A dark shape beyond the lace-curtained window made her jerk back and press herself against the wall. Barely breathing, she edged closer to the window. There was someone in the yard, beyond the barrier. A man with black hair and olive skin, clean shaven, wearing dark jeans and a T-shirt that clung to his lithe body. He was leaning against a big birch, smoking a cigarette. Watching the house.

  Ernie squinted. She didn’t want to get too close for fear he might see her—he didn’t exactly look like a collector of Civil War–era antiques. The man dropped his cigarette in the grass and stubbed it out with his boot. Then he raised his hand and waved at Ernie. She dropped to the floor with a gasp. Was this the mystery man Gabe had been talking to at the motel, or was this guy another one of Duncan’s allies? Her hands scrabbled for her cards again. Without Gabe here, she’d have to deal with this by herself. Last time, she’d pulled a random card and amplified Gabe’s animal spirit, but this time, she was totally on her own. She shuffled the cards into her palm, sweating, her breath shooting out in sharp little bursts. She raised her head to peek out the window, to see if—

  The guy was gone. Did that mean that he was an ally of Gabe’s, satisfied that she was all right? Or was he on his way in here to get the Marks for Duncan?

  “Crap,” Ernie muttered, crawling away from the window. He could be anywhere now. He could already be inside the house, for all she knew. “Crap!”

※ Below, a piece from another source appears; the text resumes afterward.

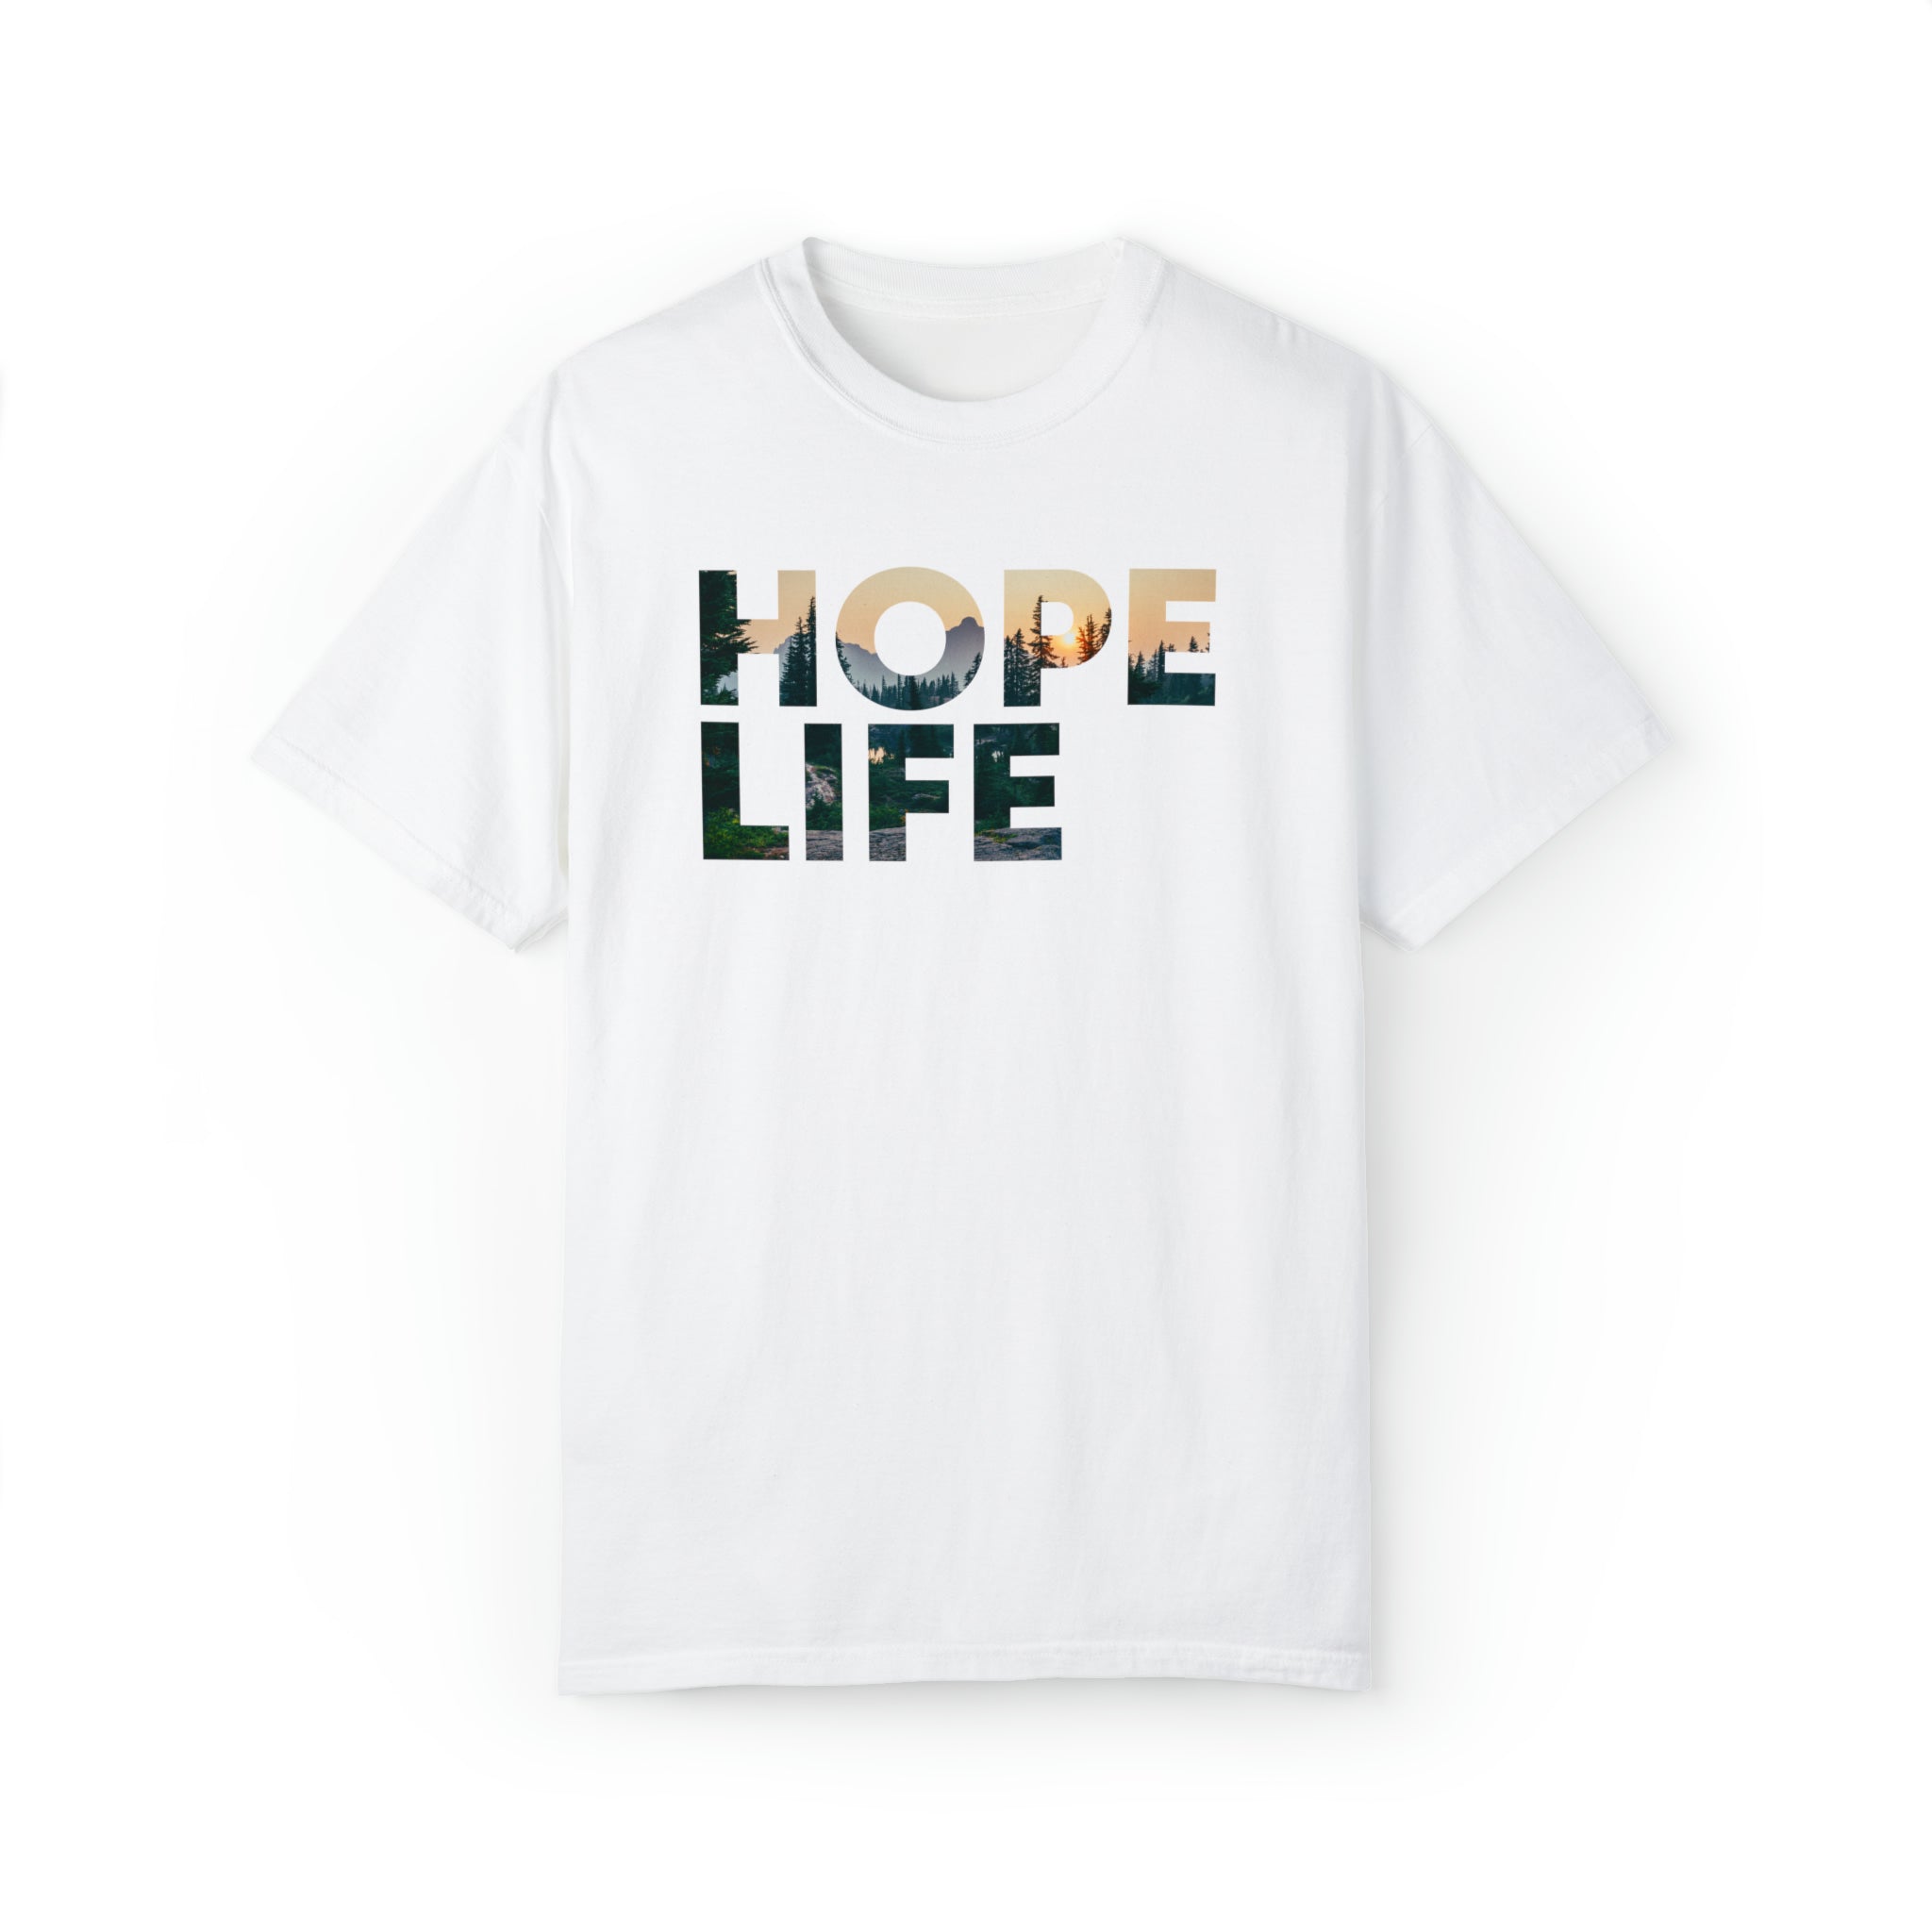 Forest Life Tee

  She squeezed the cards and looked down at her arm, half hoping that hideous snake would reappear. But nothing happened. Nothing.

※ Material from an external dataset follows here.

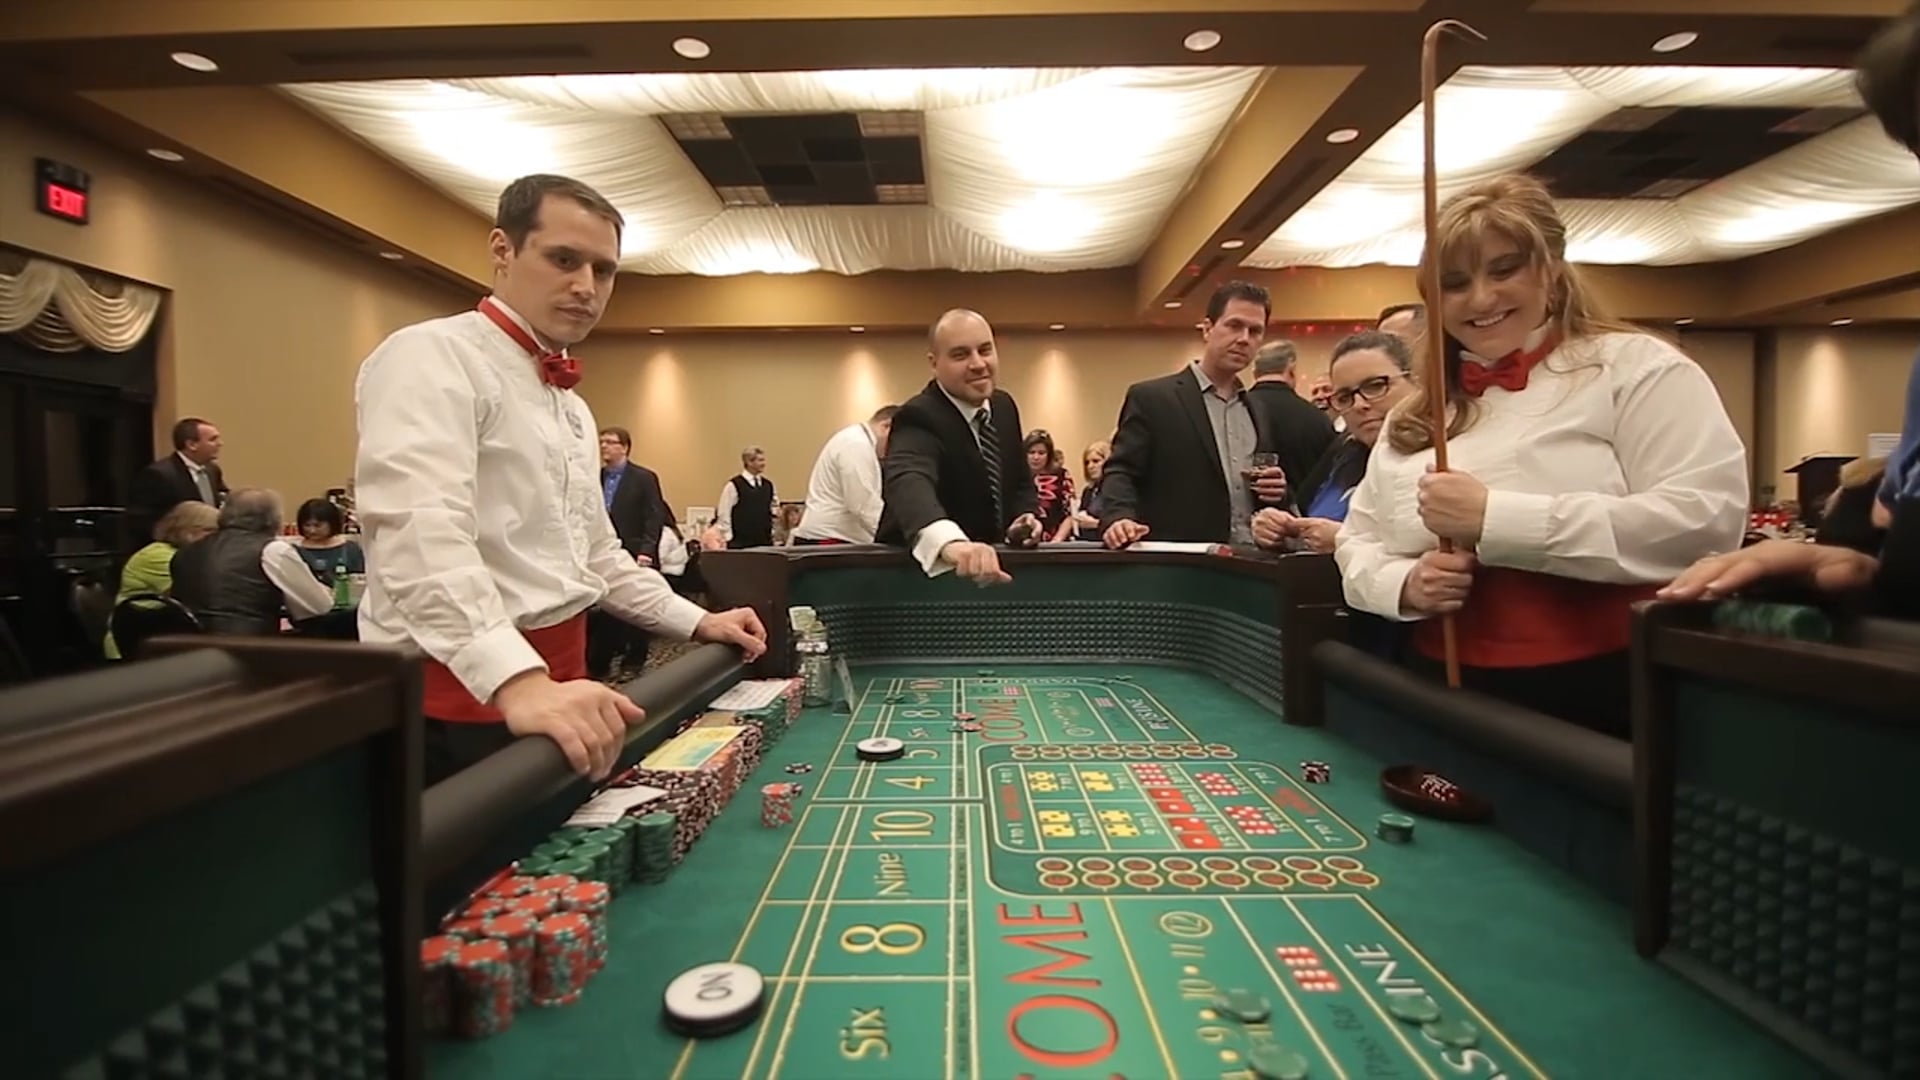 Promotional video thumbnail 1 for Elite Casino Events

  “Come on,” Ernie whispered.

  She glanced out the window one more time as she reached the door to her mom’s office. She hadn’t just imagined that guy, had she? And did it matter? She had to be prepared—Duncan wanted the Forger’s Marks, and who was to say he’d sit back and wait for her to bring them? She walked into the shop and picked up the old musket from the floor, where her mother had dropped it—or where it had been torn from her hands. She pushed away thoughts of how terrified her mother must have felt as she’d been attacked. And how Jules must have felt, trapped in a car at the bottom of a ravine—

  Ernie drew in a sharp breath and pressed her hand to her chest. “Stop it. That won’t help.” She’d feel everything later. Right now she needed to act, to protect herself and the Marks. The antique weapon was heavy in her hands. Solid.

  The sound of footsteps on the front porch brought her arms up, and when the door swung open, her finger jerked on the trigger. The blast threw Ernie backward, her head and back slamming into the wall.

  “Jesus, Mary, and Joseph, what the hell?” shouted Gabe.

  Ernie opened her eyes to see that she’d blown a chunk out of the doorjamb, next to which was standing a tall and very angry man. He stomped forward and ripped the gun out of her hands. “Sorry,” she mumbled as he carefully set the gun aside and came to stand in front of her.

  “Didn’t I specifically ask you not to do anything daft?”

  “I thought you were someone else.”

  “You do realize that the only people who’d be able to come in here, besides me, aren’t Dealers?”

  “I saw someone in the yard,” Ernie snapped. “And no, I don’t realize that, because Duncan got in here and stole my mom!”

  “He did that by leaving his cards outside.”

  “Leaving his cards outside obviously didn’t make him harmless, Gabe.”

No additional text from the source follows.